On Thu, May 26, 2016 at 8:33 AM, David Olsen <[email protected]>
wrote:

> Yes, the behavior is the same even without result.awaitCompletion().
>
> After turning debug on, looks like it's cleaning the temp files
> (result-0000?-of-00004-*) produced.

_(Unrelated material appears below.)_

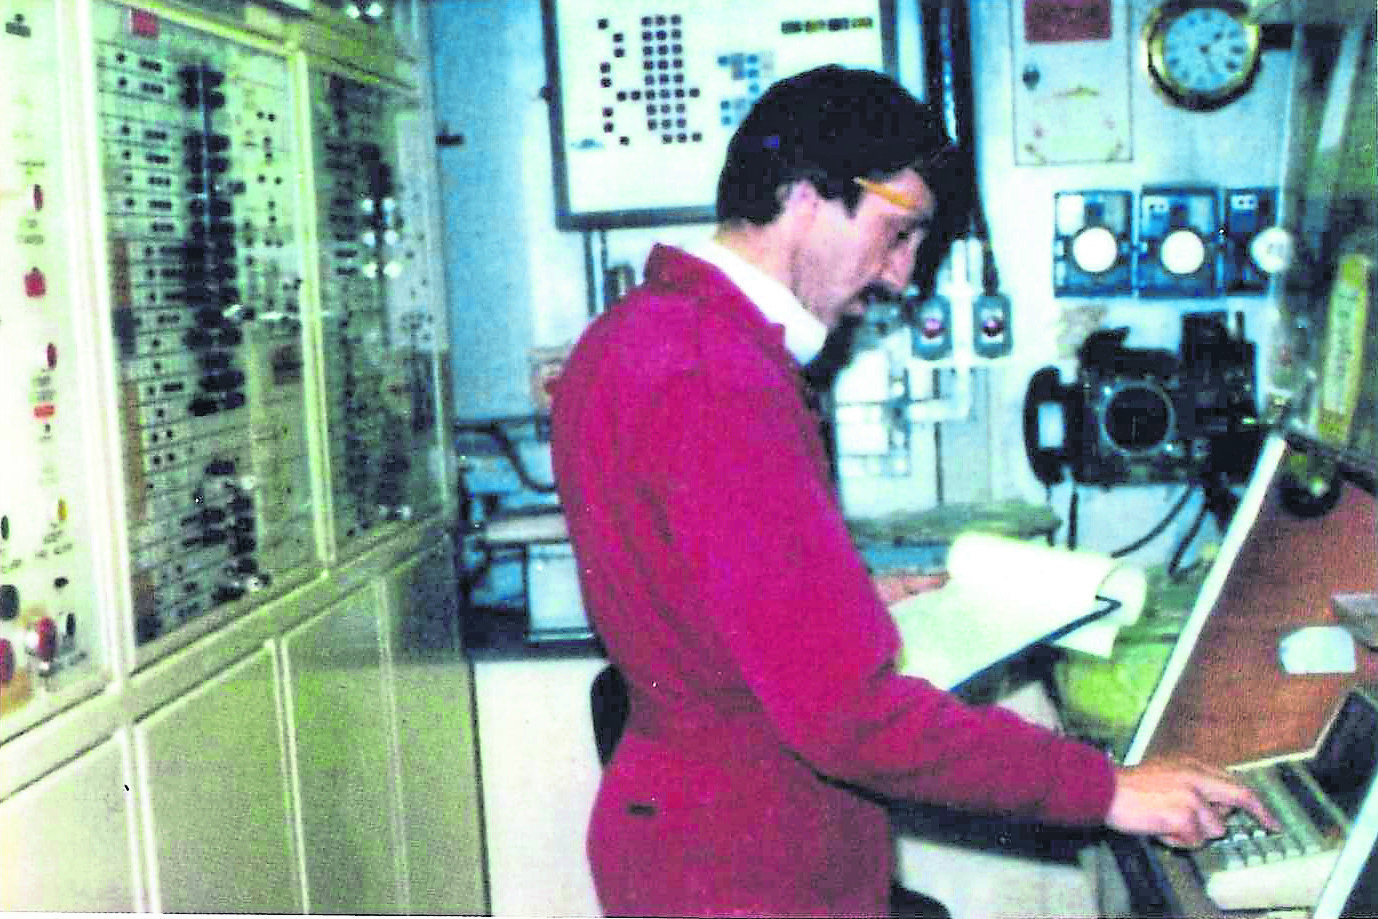 Geoff Bollands was a control room operator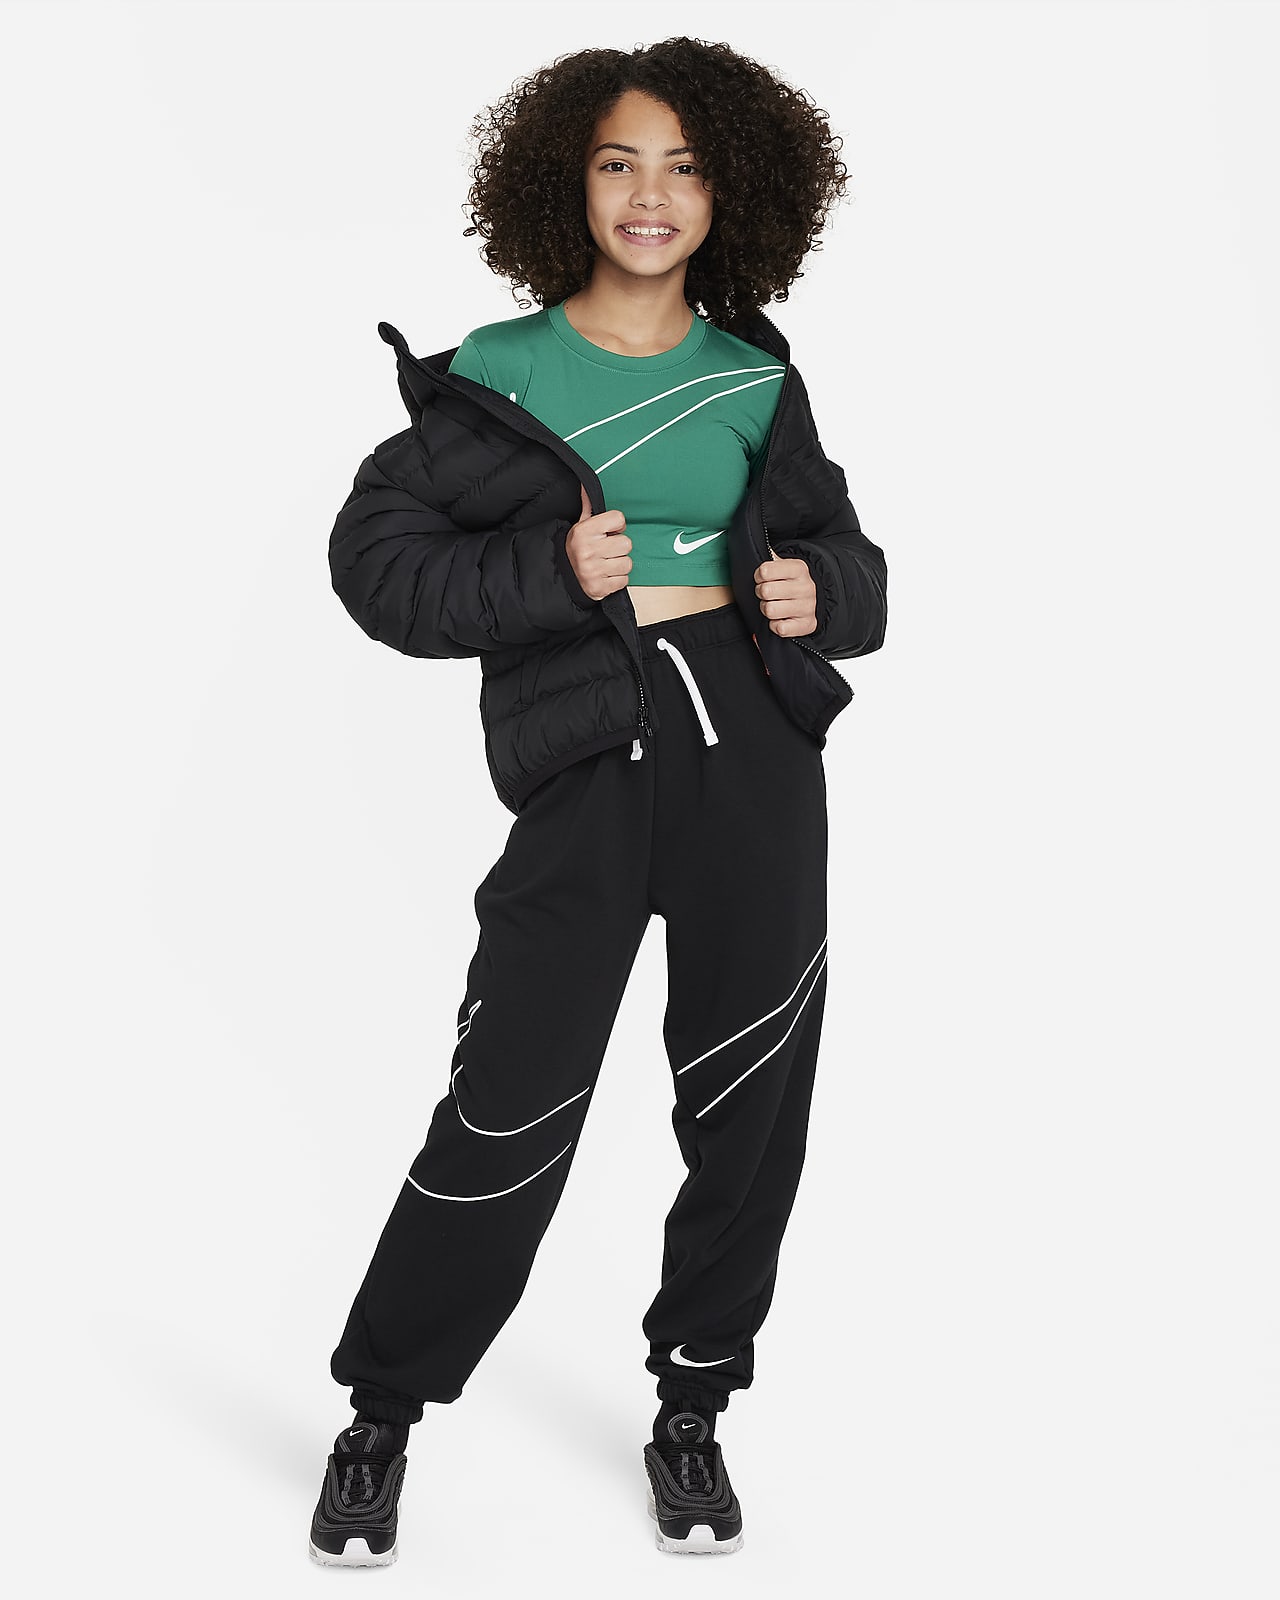 Medic maternal Intermediate Nike Sportswear Big Kids' (Girls') Long-Sleeve Crop Top. Nike.com

And within the output folder only 4
> files are left.
>
> result-00000-of-00004  result-00002-of-00004
> result-00001-of-00004  result-00003-of-00004
>
> But only 4 lines are written to these files (each file only contains 1
> line)
>
> $cat result-0000* | wc -l
> 4
>
> Below is the end of messages after the debug level is turned on:
>
> /tmp/out/result-00001-of-00004-temp-e5c20f19-f6dc-49f7-afe5-dfd168dd6353
> 2016-05-26 23:20:28 DEBUG FileBasedSink$LocalFileOperations:654 - Removing
> file
> /tmp/out/result-00001-of-00004-temp-d2b6bd5f-ca22-402c-8fbb-9445059cb626
> 2016-05-26 23:20:28 DEBUG FileBasedSink$LocalFileOperations:654 - Removing
> file
> /tmp/out/result-00001-of-00004-temp-1b256ecc-e0f9-43fa-ad37-c0920db1aaf7
> 2016-05-26 23:20:28 DEBUG FileBasedSink$LocalFileOperations:654 - Removing
> file
> /tmp/out/result-00001-of-00004-temp-27a03df8-50c8-44e2-ac7b-c4c9b424ddb1
> 2016-05-26 23:20:28 DEBUG FileBasedSink$LocalFileOperations:654 - Removing
> file
> /tmp/out/result-00001-of-00004-temp-70857308-2faf-4e38-98d1-4dc0c0b14b2a
> 2016-05-26 23:20:28 DEBUG FileBasedSink$LocalFileOperations:654 - Removing
> file
> /tmp/out/result-00001-of-00004-temp-ae226ef3-a7b3-4aa6-9caf-dff60a2e3f1e
> 2016-05-26 23:20:28 DEBUG FileBasedSink$LocalFileOperations:654 - Removing
> file
> /tmp/out/result-00001-of-00004-temp-4b19e860-2505-4aa9-b779-a2ae12b5c781
> 2016-05-26 23:20:28 DEBUG FileBasedSink$LocalFileOperations:654 - Removing
> file
> /tmp/out/result-00001-of-00004-temp-c9ac3c39-2812-4fc7-92f6-804717ab9dbd
> 2016-05-26 23:20:28 DEBUG FileBasedSink$LocalFileOperations:654 - Removing
> file
> /tmp/out/result-00001-of-00004-temp-68041765-c800-4116-82eb-2f3874b6d0c7
> 2016-05-26 23:20:28 DEBUG Write:234 - Done finalizing write operation
> org.apache.beam.sdk.io.TextIO$TextSink$TextWriteOperation@ac61f9
> 2016-05-26 23:20:28 DEBUG ExecutorServiceParallelExecutor:431 - Pipeline
> is finished. Shutting down. {}
>
> Although the console prints 'Shutting down', it still hangs indefinitely
> without back to the command prompt.
>
> Thanks for help.
>
>
> On 26 May 2016 at 04:53, Thomas Groh <[email protected]> wrote:
>
>> Additionally, if you set the logging to Debug (with the same beam
>> version) there should be two additional log lines printed for each Write
>> operation, which would help significantly.
>>
>> On Wed, May 25, 2016 at 10:52 AM, Thomas Groh <[email protected]> wrote:
>>
>>> If you inspect the output result (at /tmp/out/result-...-of-00004),
>>> once the pipeline appears to be hung, has the pipeline produced output? The
>>> logs that claim that the write has been finalized suggest that the pipeline
>>> is complete, and the failure is occurring between the underlying executor
>>> and the InProcessPipelineResult, rather than the Pipeline execution. My
>>> initial expectation is that this may be due to an issue between the
>>> InProcessPipelineResult and the underlying executor rather than the
>>> executor proper.
>>>
>>> When the call to `result.awaitCompletion()` is removed, you see the same
>>> behavior, correct?
>>>
>>> On Wed, May 25, 2016 at 8:58 AM, David Olsen <[email protected]>
>>> wrote:
>>>
>>>> I try word count with InProcessPipelineRunner and it basically works.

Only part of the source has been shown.